The crashing thread was thread 7
0:007> !pe
Exception object: 00000000019741b8
Exception type: System.BadImageFormatException
Message: Could not load file or assembly 'foo.BusninessLayer, Version=1.0.0.0, Culture=neutral, PublicKeyToken=null' or one of its dependencies. An attempt was made to load a program with an incorrect format.
InnerException: <none>
StackTrace (generated):
<none>
StackTraceString: <none>
HResult: 8007000b
So I looked into the dll "foo.BusninessLayer". This is built as a x86 version only.
If we load the dll in ILDASM at location C:\Program Files (x86)\Microsoft SDKs\Windows\v8.0A\bin\NETFX 4.0 Tools (Windows SDK needs to be installed to get ILDASM)
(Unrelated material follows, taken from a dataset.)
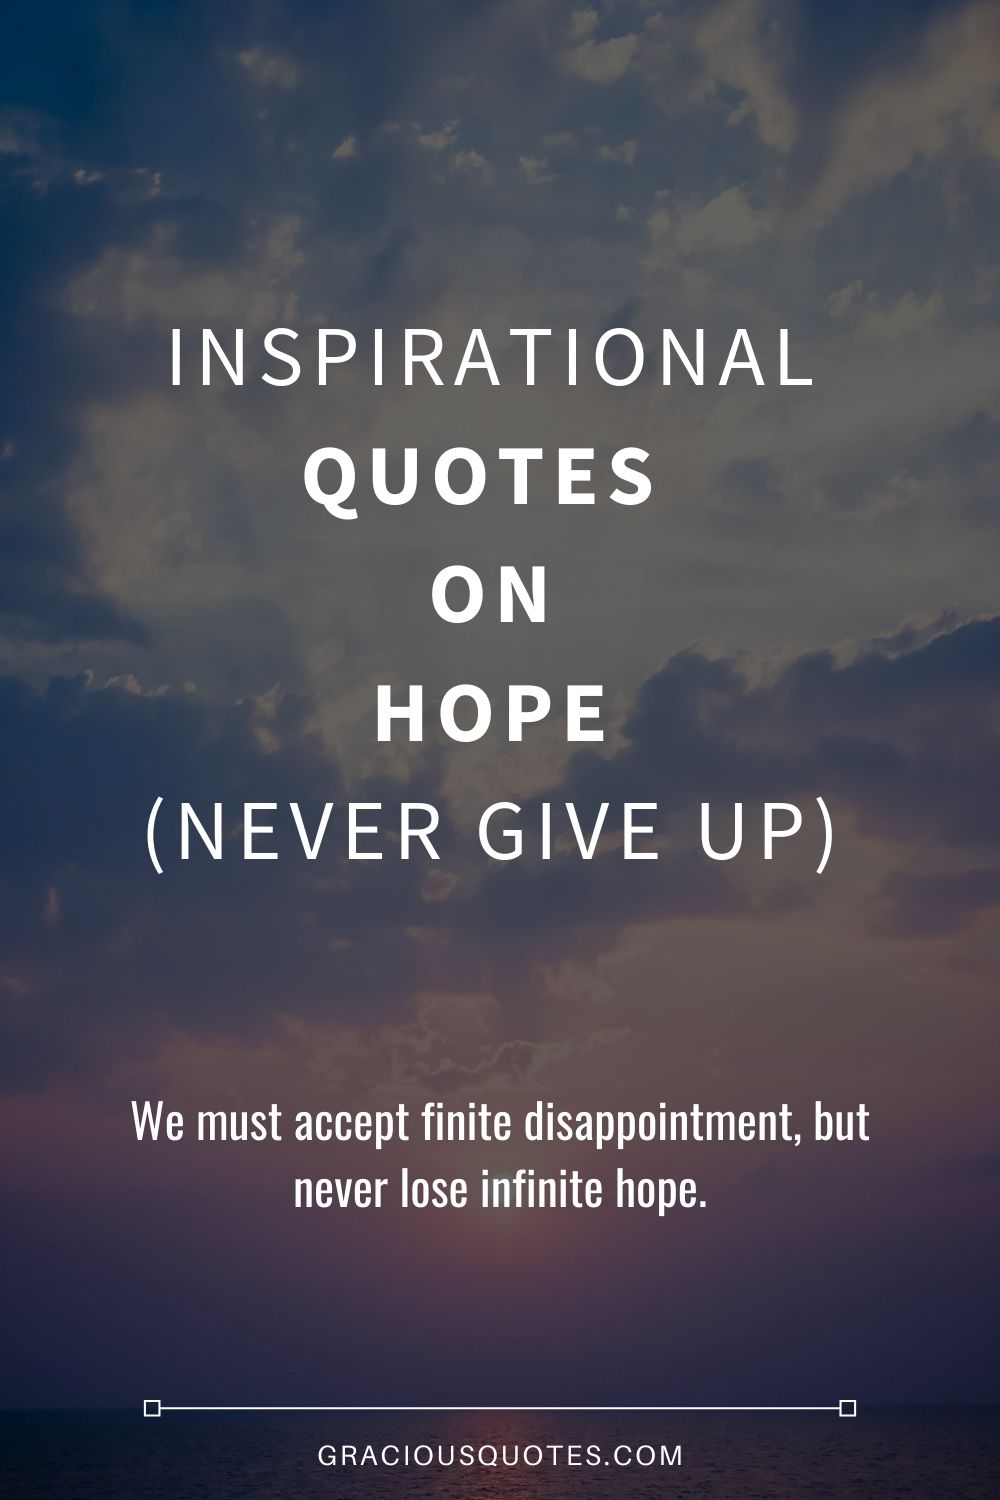 Inspirational Quotes on Hope (NEVER GIVE UP) - Gracious Quotes

.module gforms.BLL.Facade.dll// MVID: {BE9AF235-FDAF-43C6-B1D7-AC740A4BB105}
.custom instance void [mscorlib]System.Security.UnverifiableCodeAttribute::.ctor() = ( 01 00 00 00 )
.imagebase 0x00400000
.file alignment 0x00000200
.stackreserve 0x00100000
.subsystem 0x0003 // WINDOWS_CUI
.corflags 0x00000003 // ILONLY 32BITREQUIRED
// Image base: 0x00D70000
The 0x0000003 indicates that the DLL was build as X86 bit only. If it was built for AnyCPU the value would have been .corflags 0x00000001 // ILONLY
The host process WaWorkerHost is a 64bit as any other Windows Azure core processes and hance it fails to load this DLL which is built as 32bit (X86) only. So the customer got the binaries used in the project rebuilt with AnyCPU and then the *.cspkg was re-published and the WCF Worker Role came up fine this time.
So if you face similar issue about bad image the first thing to check is if any dll referred in the project is a 32bit(X86) only DLL. You can also use the corflags.exe from Visual Studio Command Prompt to find if an assembly is compiled as x86, x64 or AnyCPU.
I hope it helps resolving a Role Recycle issue with System.BadImageFormatException Exception.